Stig Mårtensson
- Country (sports): Sweden
- Born: 8 April 1913 Stockholm, Sweden
- Died: 17 November 1995 (aged 82) Åkersberga, Stockholm, Sweden
- Turned pro: 1937(amateur tour)
- Retired: 1948
- Plays: Right–handed

Singles
- Career titles: 1

Grand Slam singles results
- Wimbledon: 1R (1937)

Doubles

Grand Slam doubles results
- Wimbledon: 1R (1937)

= Stig Mårtensson (tennis) =

Swedish tennis player (1913–1995)

Stig Mårtensson (8 April 1913 – 17 November 1995) was a Swedish tennis player.

==Tennis career==
Mårtensson represented Sweden in one Davis Cup tie, the 1937 Europe Zone quarterfinal tie against Belgium played at the Royal Léopold Club in Brussels. Mårtensson and Kalle Schröder played the singles rubbers, with Mårtensson losing his first match against Charles Naeyaert and thereafter also his second match against André Lacroix.

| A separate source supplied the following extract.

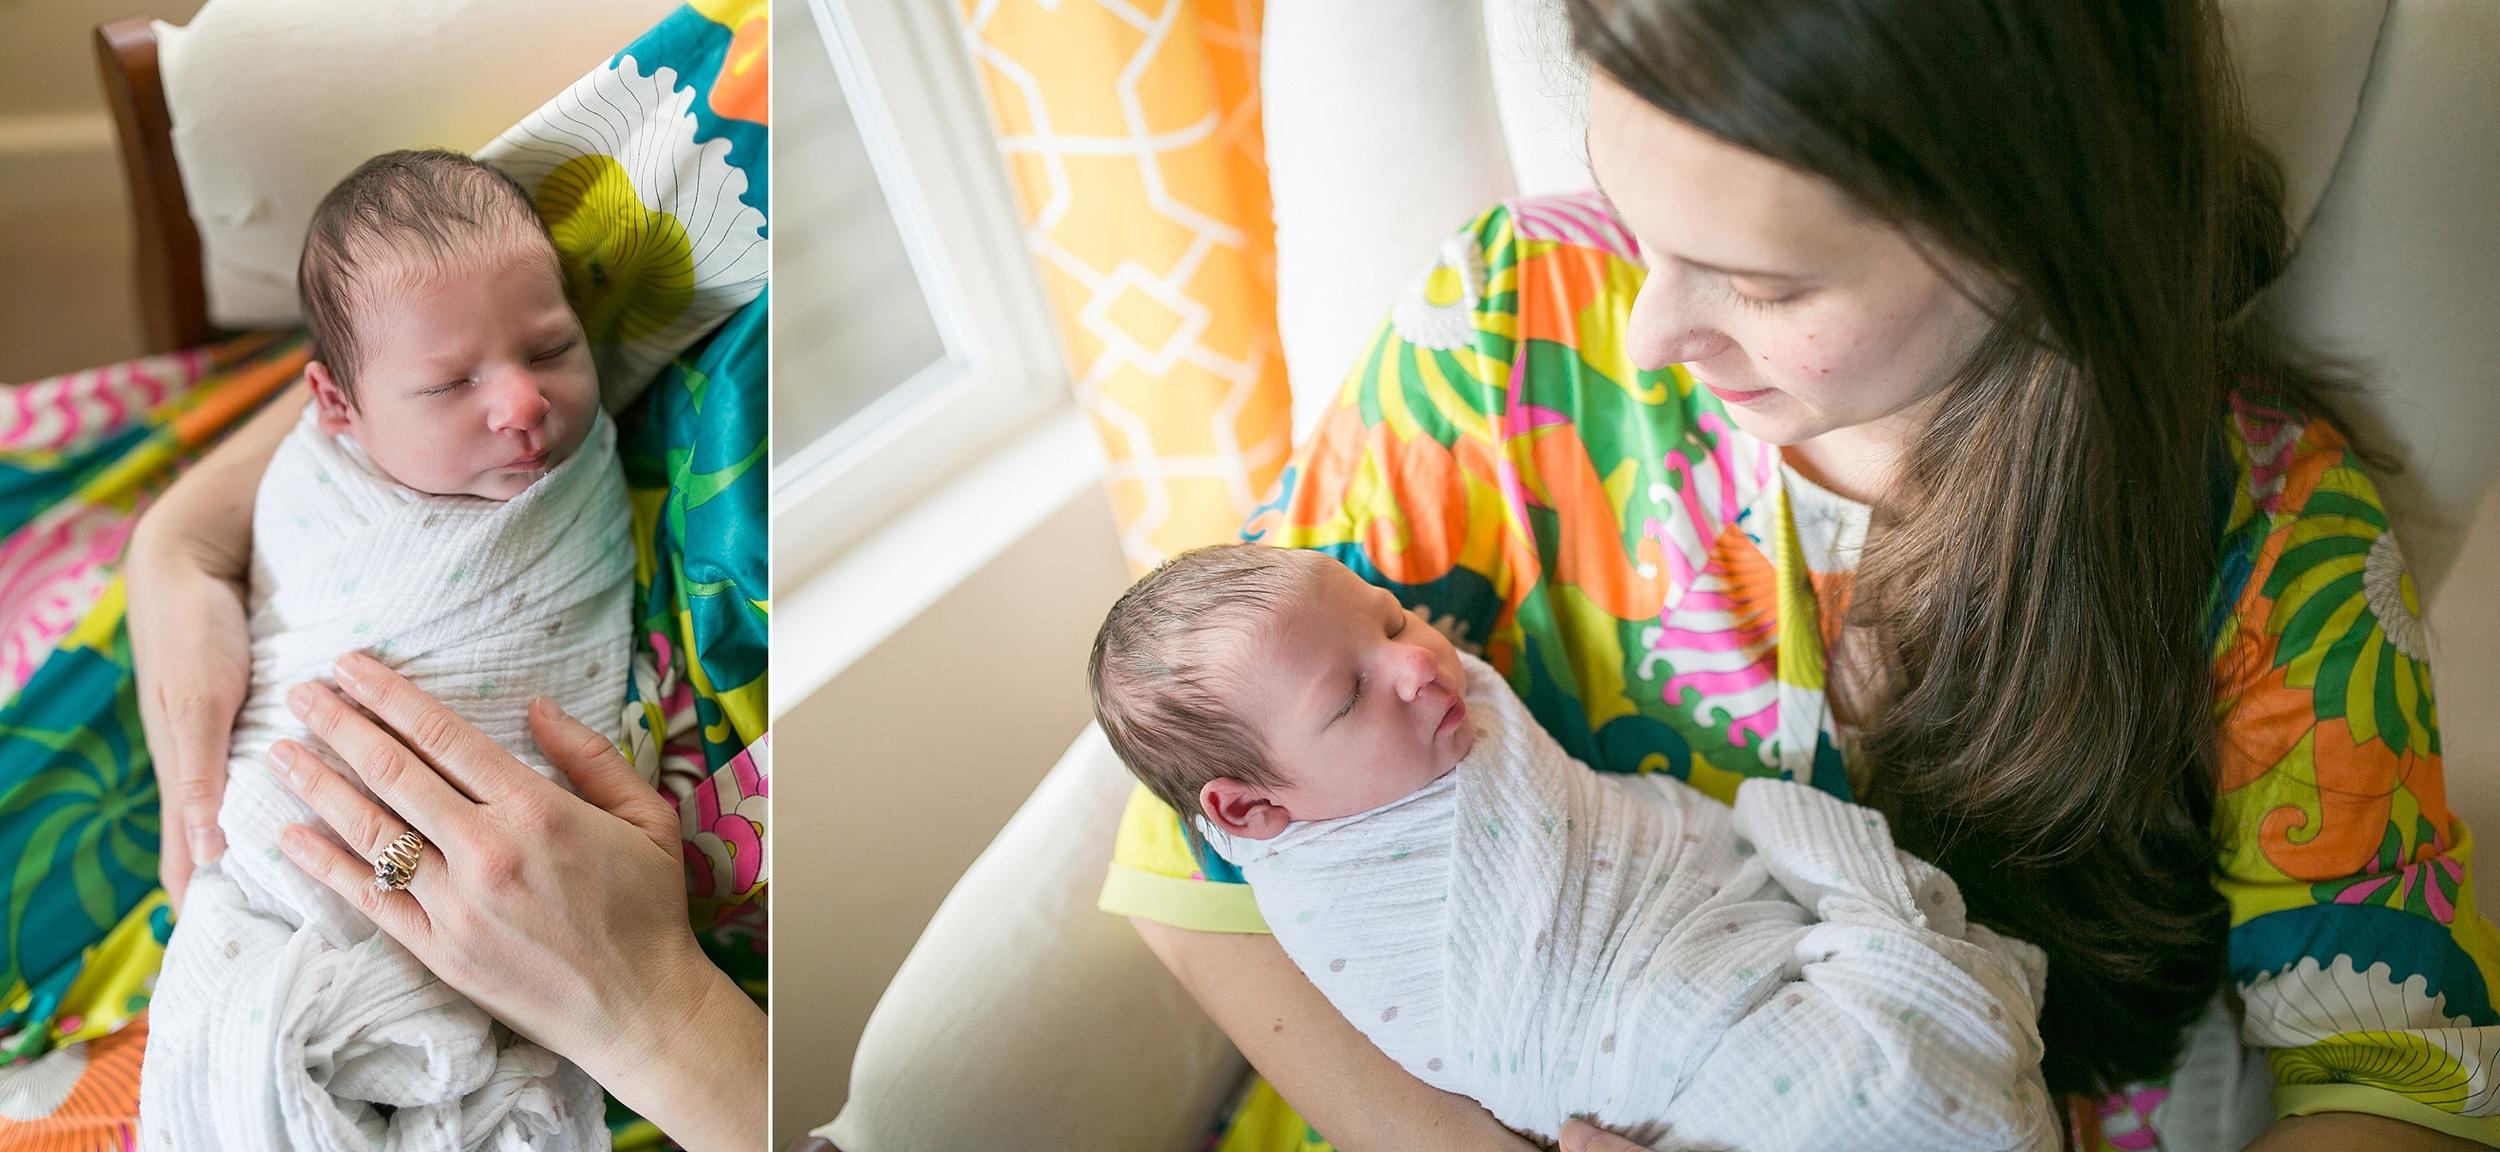 ashley vos photography seattle area lifestyle newborn maternity photographer_0291.jpg
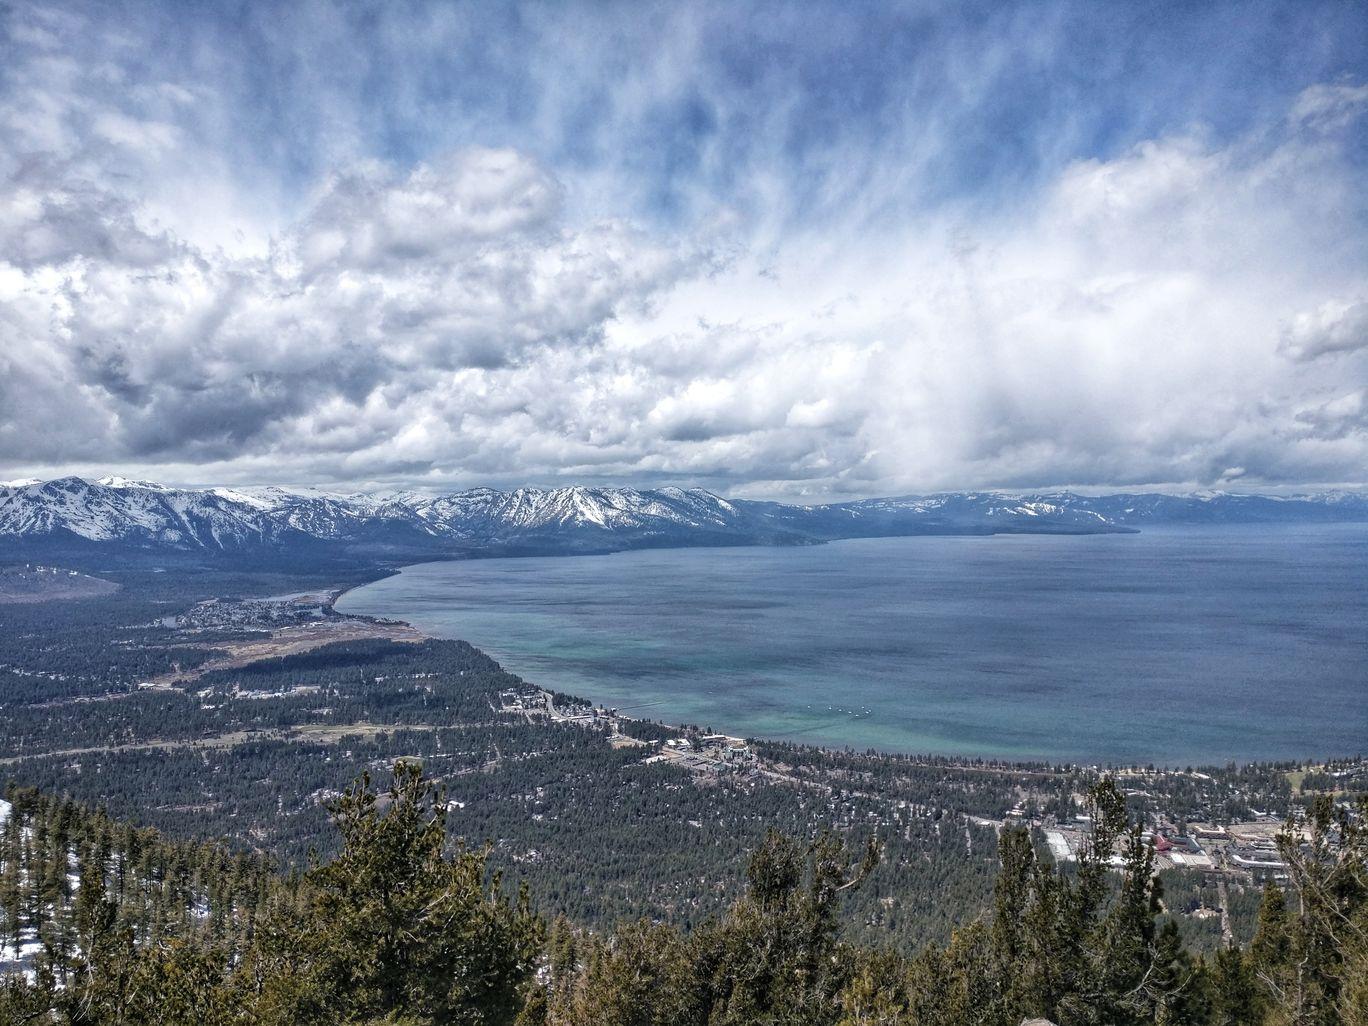 Photo of Heavenly Gondola Vista Point By Vinay Shankar

Mårtensson played at the 1937 Wimbledon Championships, losing in the first round of both the singles and doubles events. In 1943 he won the singles title at the Swedish National Outdoor championships and in 1948 he won the singles title at the tournament in Bude, beating David Warwick, 4–6, 6–2, 6–4 in the final.